CQ TODAY – ENVIRONMENT
May 16, 2007 – 1:24 p.m.
Water Resources Bill Headed to Conference After Senate Approval

The Senate passed a long-stalled bill to authorize billions of dollars in water resources projects, after sponsors mollified Louisiana senators and fiscal conservatives.

Senators voted, 91-4, to pass the bill (HR 1495) on Wednesday. It will now move to a conference with the House, which passed a bill with a similar price tag last month.

“This has not been easy,” said Environment and Public Works Chairwoman Barbara Boxer, D-Calif., who managed the bill on the floor. “And someday when I write my book on how a bill really becomes a law, I will let everyone know what it really takes to get a bill like this done, a bill that is seven years in the making.”

The vote came after hours of intense negotiations Wednesday with Louisiana’s senators, Republican David Vitter and Democrat Mary L. Landrieu, who worried that the bill would not do enough to protect Gulf Coast cities vulnerable to hurricanes.

One of their main objections was over a decision to drop language that would expedite the authorization of barriers, levees and other projects designed to protect against the most severe type of hurricane, Category 5. That provision would have allowed the Senate Environment panel and the House Transportation and Infrastructure panel to authorize Category 5 storm-protection projects without further congressional action.

The Congressional Budget Office had estimated that the language, which was included in the version of the bill (S 1248) the Senate Environment Committee approved, would cost more than $15 billion.

To assuage the Louisiana senators, Boxer and the committee’s ranking Republican, James M. Inhofe of Oklahoma, agreed to add a modified provision that would require the White House to recommend which hurricane-protection projects to authorize, based on an Army Corps of Engineers report due by the end of the year.

The provision would require committee markups of authorizing legislation within 45 days of the White House report, limit Senate floor debate to 20 hours and bar non-germane amendments.

“I’m very excited because it’s hot off the press, to announce we will have that expedited process,” Vitter said.

The bill would authorize funding for hundreds of inland navigation, coastal restoration and flood-control projects, with a large portion of the money headed to beef up storm protection for coastal Louisiana. Congress has not enacted a water resources authorization bill since 2000 (PL 106-541).

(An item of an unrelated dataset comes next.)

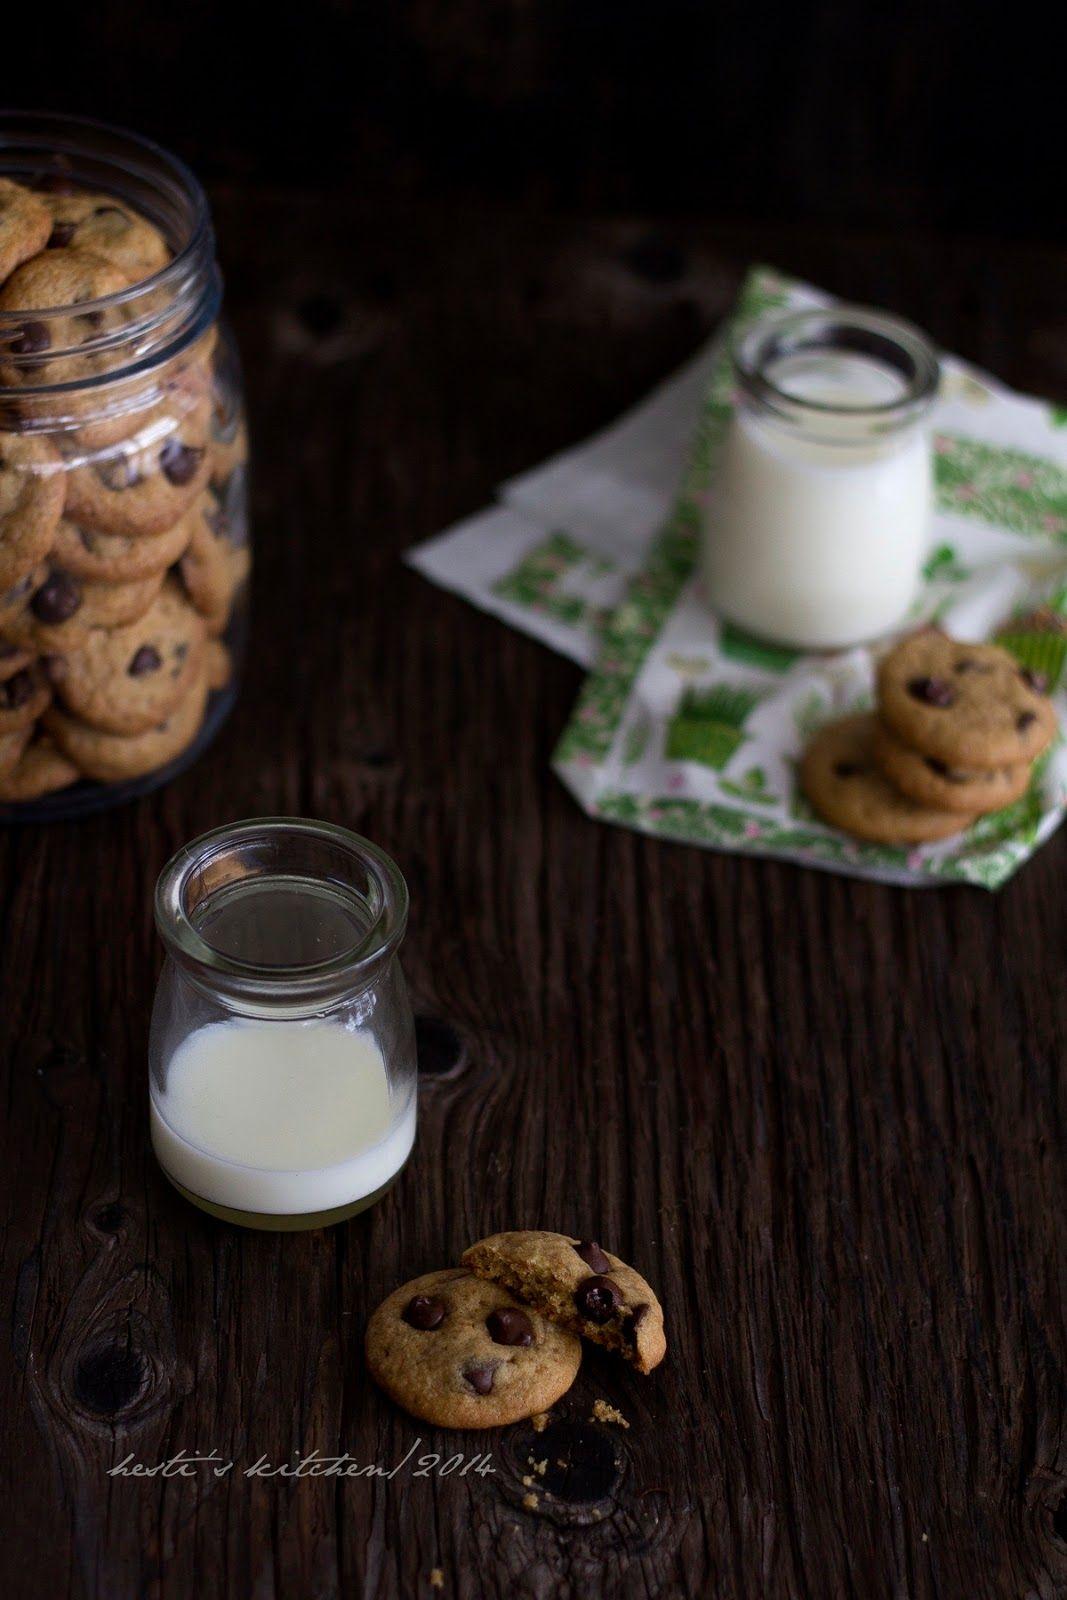 Hesti S Kitchen Yummy For Your Tummy Chocolate Chip Cookies Kue Coklat Chip Keping Coklat Kue Coklat

The bill also includes funding for more than 100 environmental infrastructure projects, such as wastewater treatment plants, that were not in the committee-approved bill.

Upcoming Conference

The new projects could make it easier for conferees to reach a deal, because previous efforts by the House to win backing for similar projects has faced Senate resistance. Including the projects carries added significance because the House is operating under new rules that bar conferees from adding projects not included in the bills passed by either chamber.

“That means the stakes go up,” said Steve Ellis, vice president of programs for Taxpayers for Common Sense. “If it’s not in the House bill and it’s not in the Senate bill, then it’s not supposed to be in there.”

Negotiators also will have to agree on new oversight requirements for expensive Army Corps of Engineers projects, an issue that has led to previous impasses. The Senate bill would require projects costing $40 million or more to undergo independent review; the House bill has more relaxed language.

“If the reforms are in any way weakened, that’s going to be a problem,” said Democrat Russ Feingold of Wisconsin, who sponsored the Senate language.

House Transportation and Infrastructure Chairman James L. Oberstar, D-Minn., the likely conference chairman, said he expects House-Senate negotiations to last “no more than a couple of hours.”

Fiscal Concerns

Negotiations off the Senate floor Wednesday also focused on resolving concerns of two fiscal conservatives who had planned to bring amendments to the floor.

Boxer and Inhofe added at least 17 new provisions and projects at the request of other senators. Tom Coburn, R-Okla., objected to projects in Massachusetts, New York, Hawaii and Iowa. In the end, the projects remained in the bill.

But Coburn and Jim DeMint, R-S.C., won adoption of language aimed at reducing the estimated $58 billion backlog of Army Corps of Engineers water projects. The language would require annual reports from the corps on project funding and projects not receiving construction funding in nine years to be deauthorized.

The White House has strongly objected to the bill’s cost but did not threaten a veto.

“If history is any guide, with every step in the process this bill gets bigger,” Ellis said.